The empirical validation is convincing. In a 27 billion parameter model trained with proportional data:

Stability: The training loss converges smoothly without the instability spikes seen in HC. Gradient norms remain stable throughout training. The propagation gain magnitude (how much signals amplify through layers) stays bounded around 1.6 in the worst case, compared to 3,000 for unconstrained HC.

Performance: On downstream benchmarks, mHC outperforms both the baseline and HC on most tasks.

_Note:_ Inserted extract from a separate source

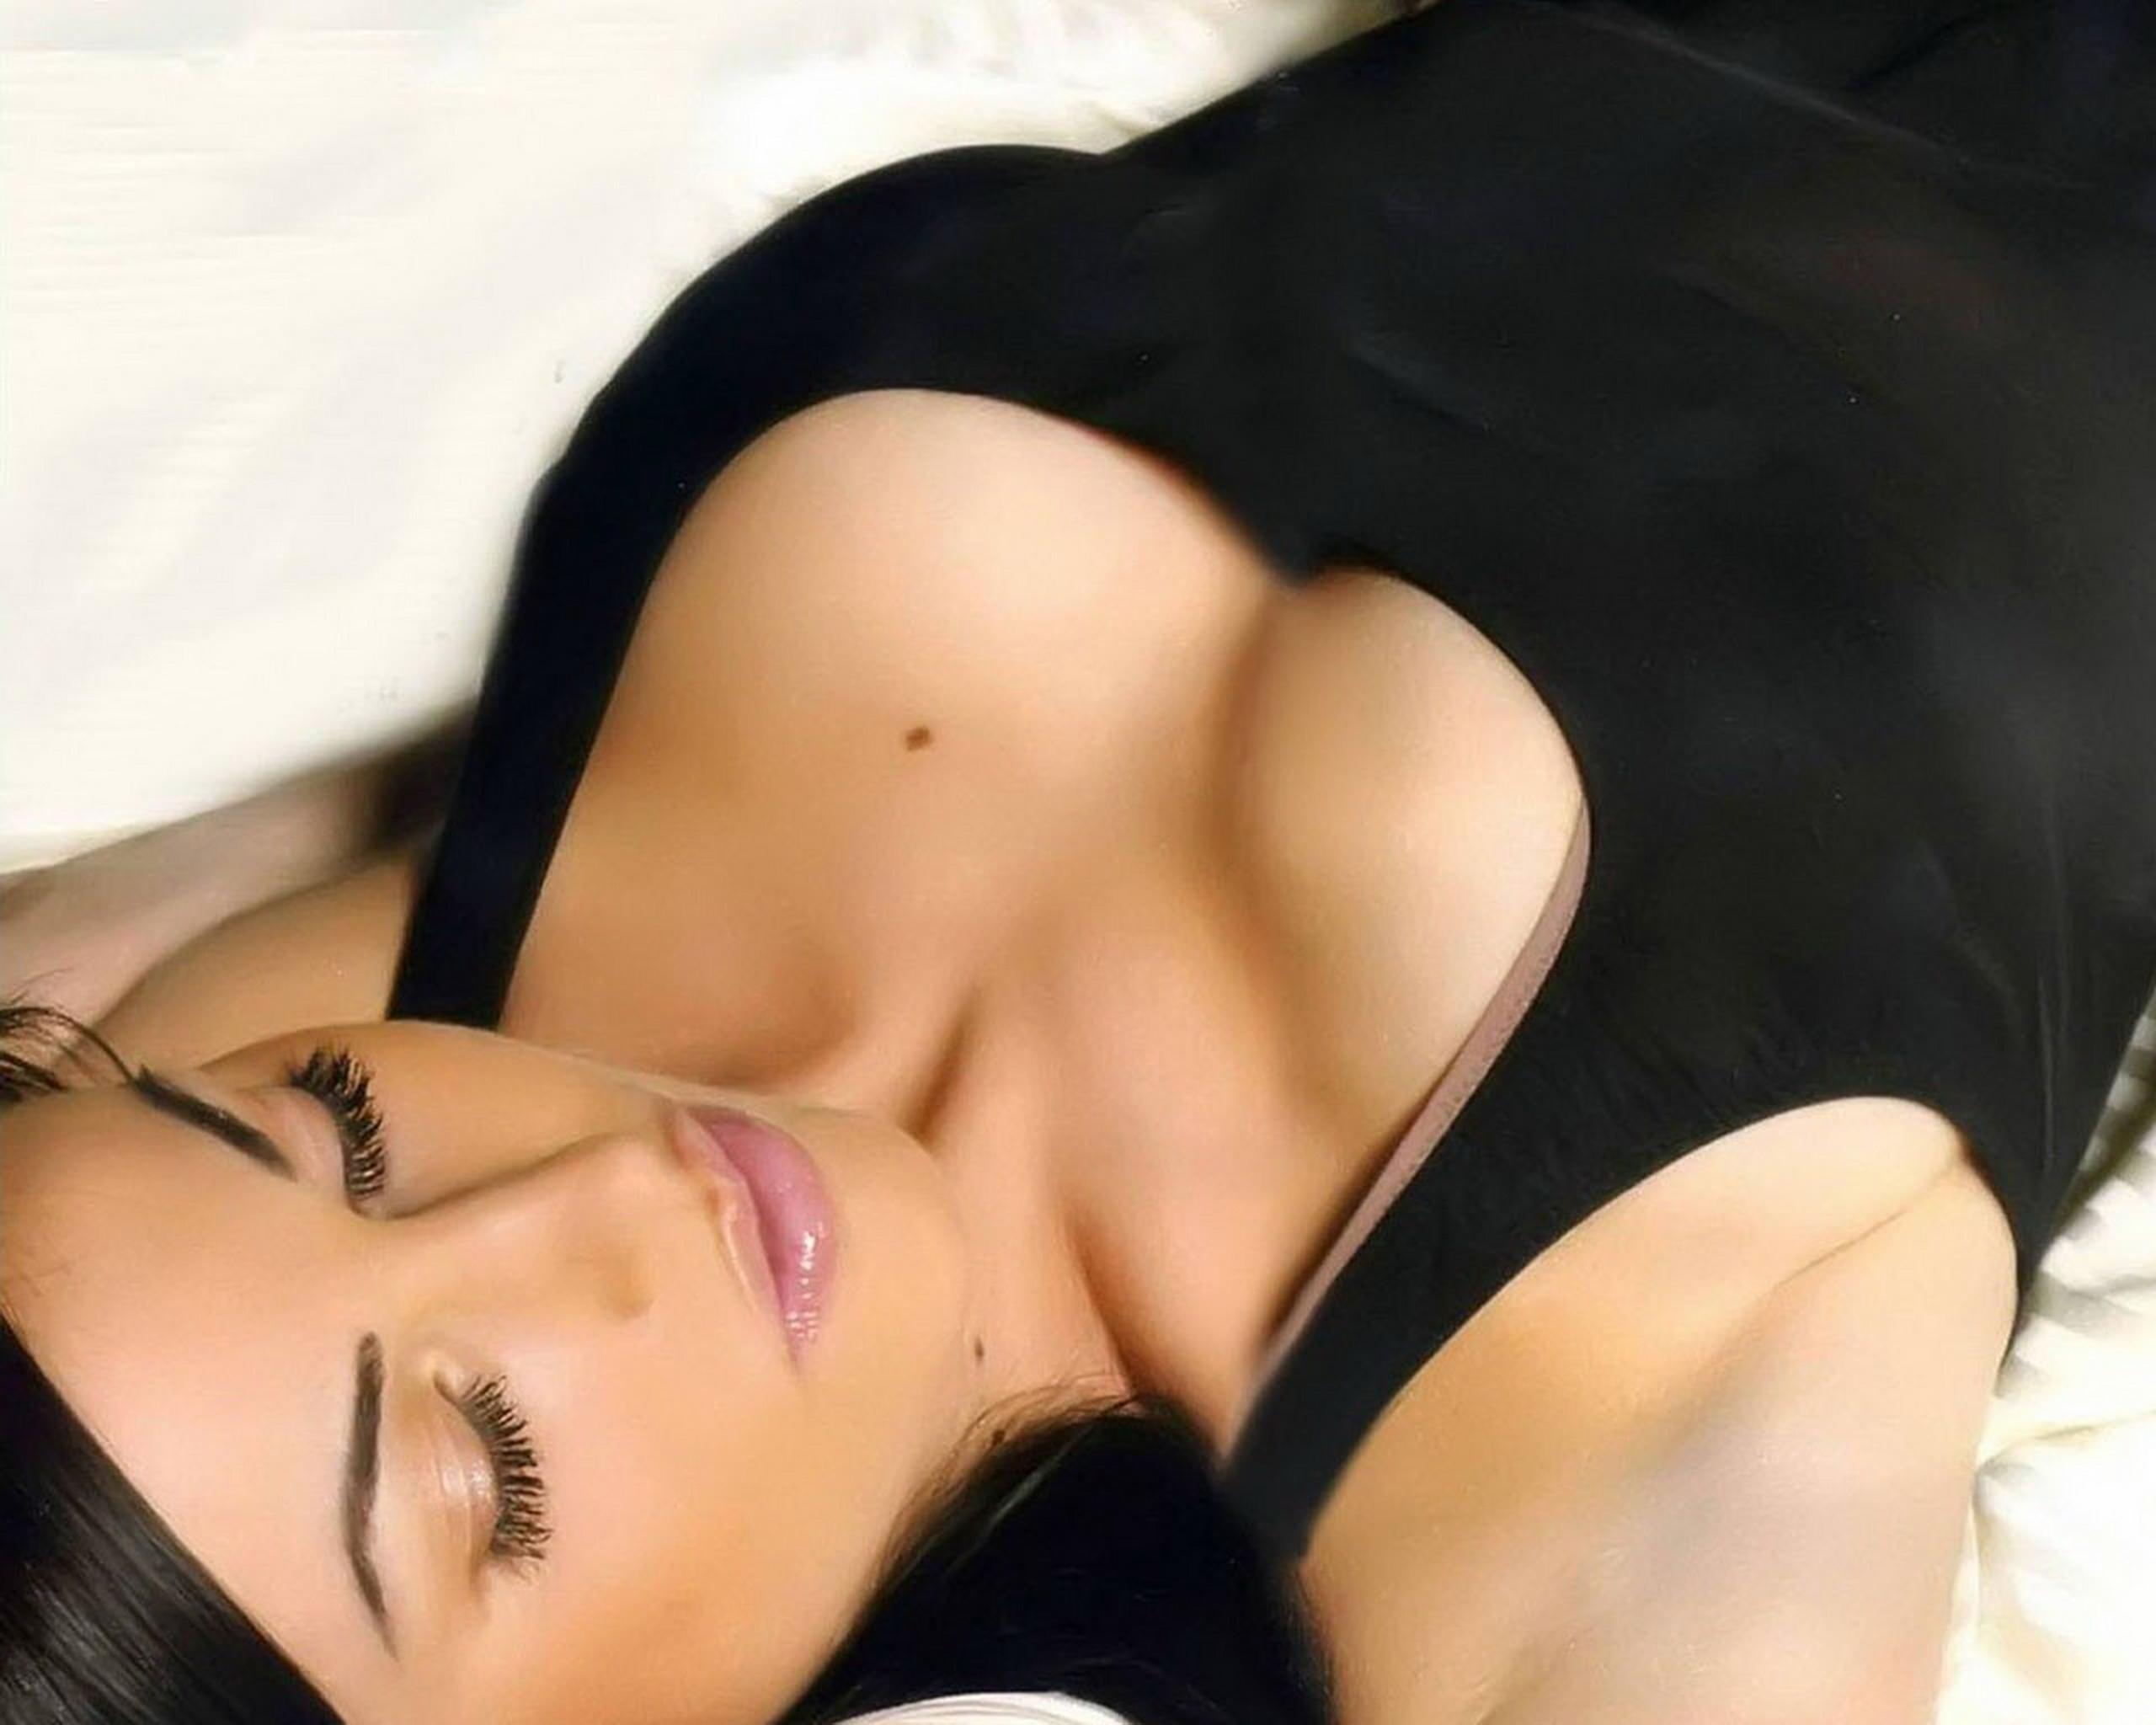 Русское порно с красивой сисястой девочкой 19 фотография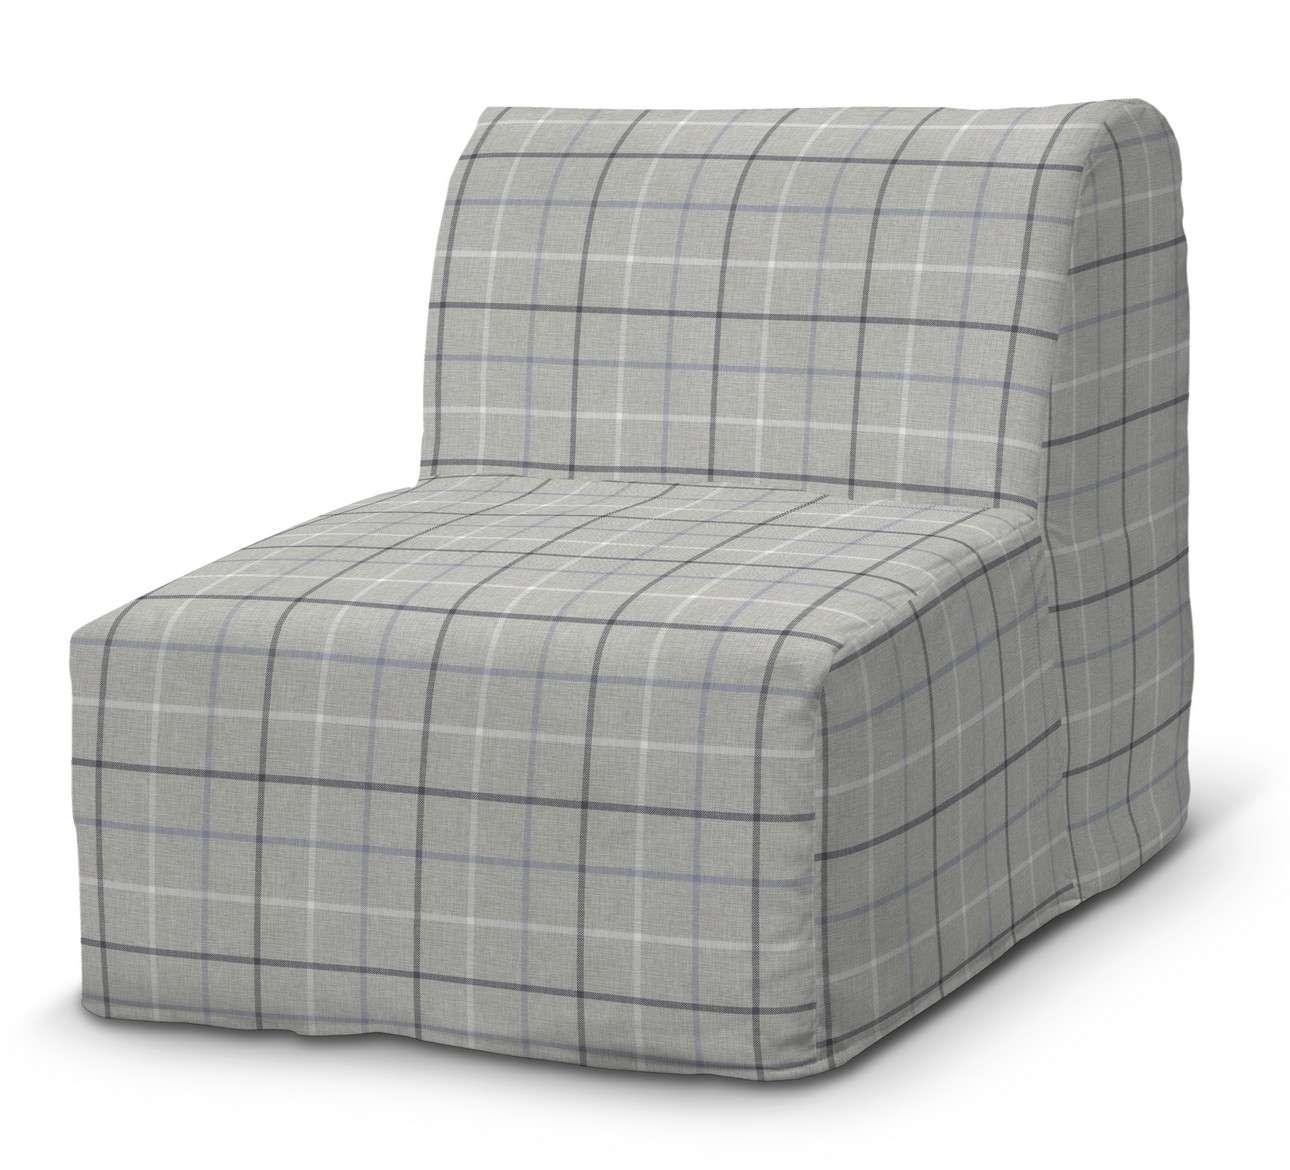 Pokrowiec na fotel Lycksele prosty w kolekcji Edinburgh, tkanina: 703-18

On reasoning-heavy benchmarks like BBH (Big-Bench Hard), mHC achieves 51.0% accuracy compared to 48.9% for HC and 43.8% for baseline. On DROP (a reading comprehension task requiring discrete reasoning), it reaches 53.9% compared to 51.6% for HC.

Scaling: The performance advantage scales well. Testing on 3B, 9B, and 27B models shows consistent improvements. The token scaling curve (performance over the course of training) demonstrates that benefits are maintained throughout the training process.

Stability Analysis: Visualizations of the learned mixing matrices show that mHC produces stable, well-behaved patterns. In contrast, HC produces extreme values in some entries and near-zero in others—the hallmark of instability.

Why This Matters

On the surface, this is a technical fix to a technical problem. But the implications are broader.

First, it demonstrates that theoretical elegance and practical efficiency aren’t always at odds. By understanding the mathematics deeply, the researchers found a solution that is theoretically grounded, practically efficient, and empirically effective.

Second, it opens new directions for architecture design. Rather than treating residual connections as fixed and unchangeable, mHC shows how to extend them while preserving their stability properties. This suggests other manifolds might be worth exploring for different objectives.

Third, it’s a reminder that scaling AI isn’t just about bigger models and more data. It’s about getting the architecture right. Many papers focus on what networks learn, but this work focuses on how they learn—the underlying dynamics of training. These dynamics matter more than people often appreciate.

Looking Forward

The authors note that their framework is general. While they use doubly stochastic matrices, other manifold constraints could be explored. Perhaps different constraints would optimize different trade-offs between stability and expressivity. Perhaps some manifolds would be better for certain types of tasks.

They also emphasize that this work is about macro-architecture—the overall topology of how layers connect. Most recent AI research focuses on micro-architecture (how individual attention heads or feed-forward layers work) or scaling laws (how performance improves with more parameters and data). But macro-architecture—how layers talk to each other—deserves more attention.

The practical impact is already clear: DeepSeek has integrated mHC into their large-scale training pipeline and reports that it enables stable training at scale with meaningful performance improvements. As models continue to grow larger and deeper, techniques like this become increasingly important.

Conclusion

The mHC paper is a masterclass in how to solve a hard problem. The researchers identified a real instability issue in a promising new architecture, diagnosed the root cause mathematically, found an elegant solution using classical mathematics, engineered it efficiently, and validated it empirically at scale.

It’s a reminder that progress in AI isn’t always about novel ideas from scratch. Sometimes it’s about understanding existing ideas deeply enough to see where they break, and having the mathematical sophistication to fix them in ways that preserve their benefits.

As large language models become increasingly central to AI systems, the stability and efficiency of their training becomes more critical. Techniques like mHC—which improve both—will likely become standard practice. And who knows? The manifold-constrained approach might inspire new architectural innovations that we haven’t even imagined yet.

The tower of blocks is now more stable. And researchers can continue building higher.